Companies that invest in more-efficient and thus cleaner production are not just better for the environment. They also provide better financial returns: higher returns on equity, fatter operating margins, but also, intriguingly lower leverage.

That may have been because, by the time their better resource efficiency scores became apparent to Osmosis, companies had passed over the initial peak in investment spending required to clean up their operations and were starting to benefit from stronger earnings.

The ECB blog adds a new slant to this. Yes, borrowing money is the obvious way to finance investment in climate transition for unlisted European companies. But there is a point at which companies that are already highly leveraged struggle to service and paydown their existing debt and are constrained in their ability to borrow more.

These firms may struggle to raise the money needed to invest in low-carbon technologies.

The authors find: “Up to a certain point, firms that are or become more leveraged significantly reduce their emissions in subsequent years. They achieve this without constraining their economic activity: they reduce their carbon footprint through cleaner production.”

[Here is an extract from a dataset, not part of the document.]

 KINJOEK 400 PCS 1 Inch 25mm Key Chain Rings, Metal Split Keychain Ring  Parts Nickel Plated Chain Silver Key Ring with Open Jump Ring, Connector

But there is a tipping point described as an inverted U curve in the relationship between leverage and investment in green technology.

“When leverage exceeds about 50%, further increases are associated with worse performance in terms of emissions reduction,” they write.

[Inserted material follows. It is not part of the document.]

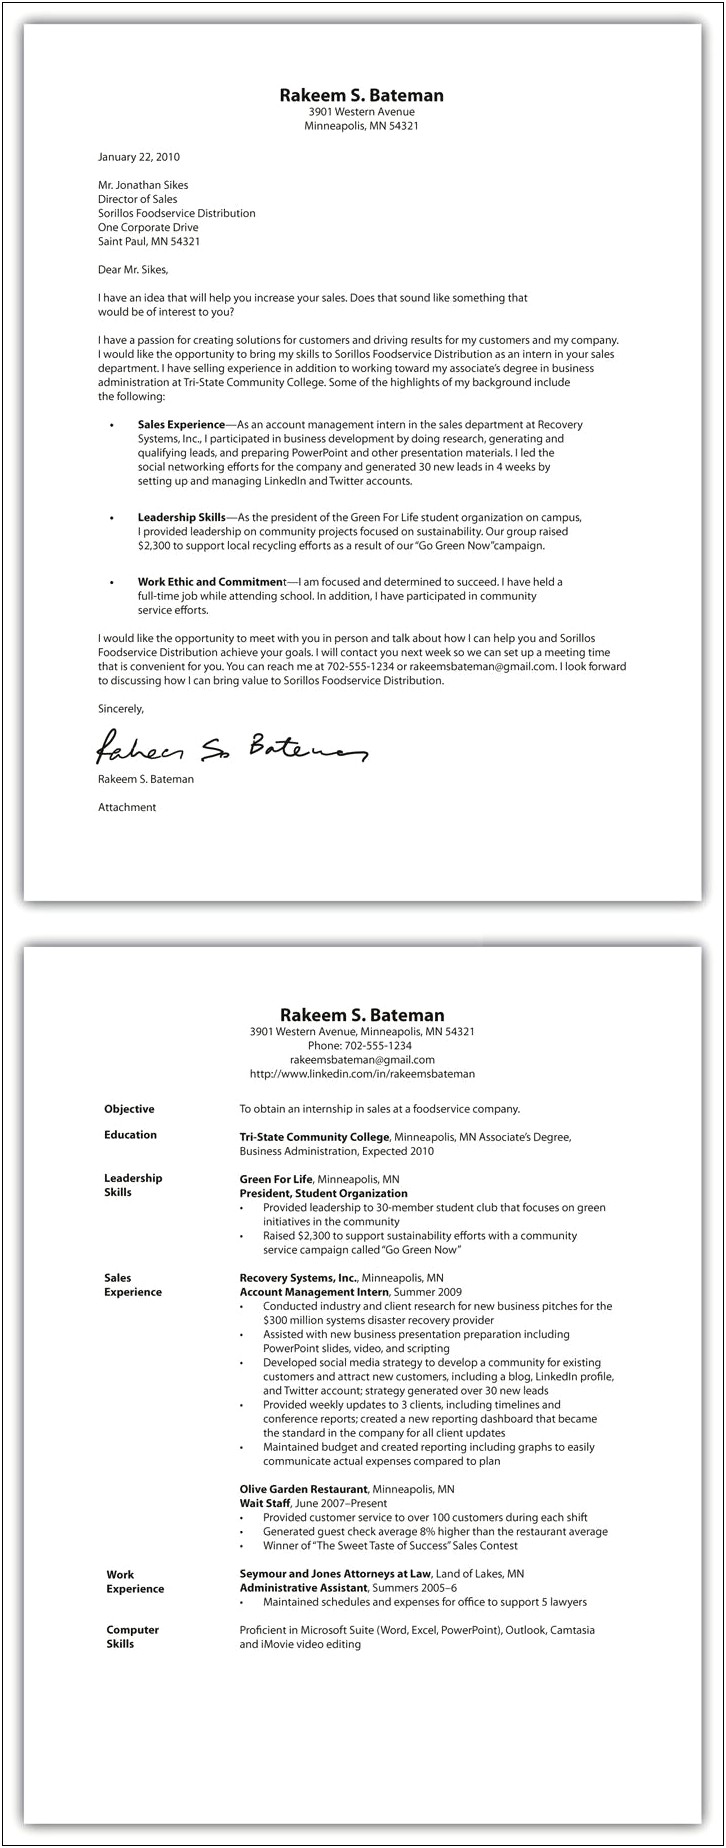 Cover Letter And Resume On Same Paper

Today, warning signs are flashing over unrated and sub investment grade borrowers in Europe.

Rachel Ward, high yield specialist at Aegon Asset Management, sees increasing divergence coming in 2024, and says that while many high-yield companies will be able to cope with a mild downturn, defaults will rise.

She notes: “Bifurcation is increasing across the market, and we expect the divide to widen in 2024. Weaker companies with lower margins and little room for error are most at risk.”

Banks are also tightening lending standards. So, how can European companies that are already close to debt limits raise the finance to invest in sustainability?

Further improving green bond and loan markets, for example through greater transparency and international standards, might be one way for highly leveraged companies to borrow funds earmarked for green investments, as lenders may be more confident that their finance will increase the profitability and financial stability of borrowers over the medium term.

But the authors have another far more radical suggestion. The entire corporate culture of financing more through debt than through equity is that debt-interest payments are accounted as a pre-tax operating cost, whereas dividends to shareholders are paid out of what is left of their profits after tax.

Availability of climate finance might be boosted through tax changes, they suggest, “such as making the tax advantages of debt financing only applicable to green debt”.

The climate emergency is evident all around us. Addressing it requires far more finance than is now being mobilized. Changing that requires radical action. One of the most radical suggestions appears on the ECB’s website, along with the usual rider that the views expressed are the authors’ and “do not necessarily represent’ the views of the European Central Bank.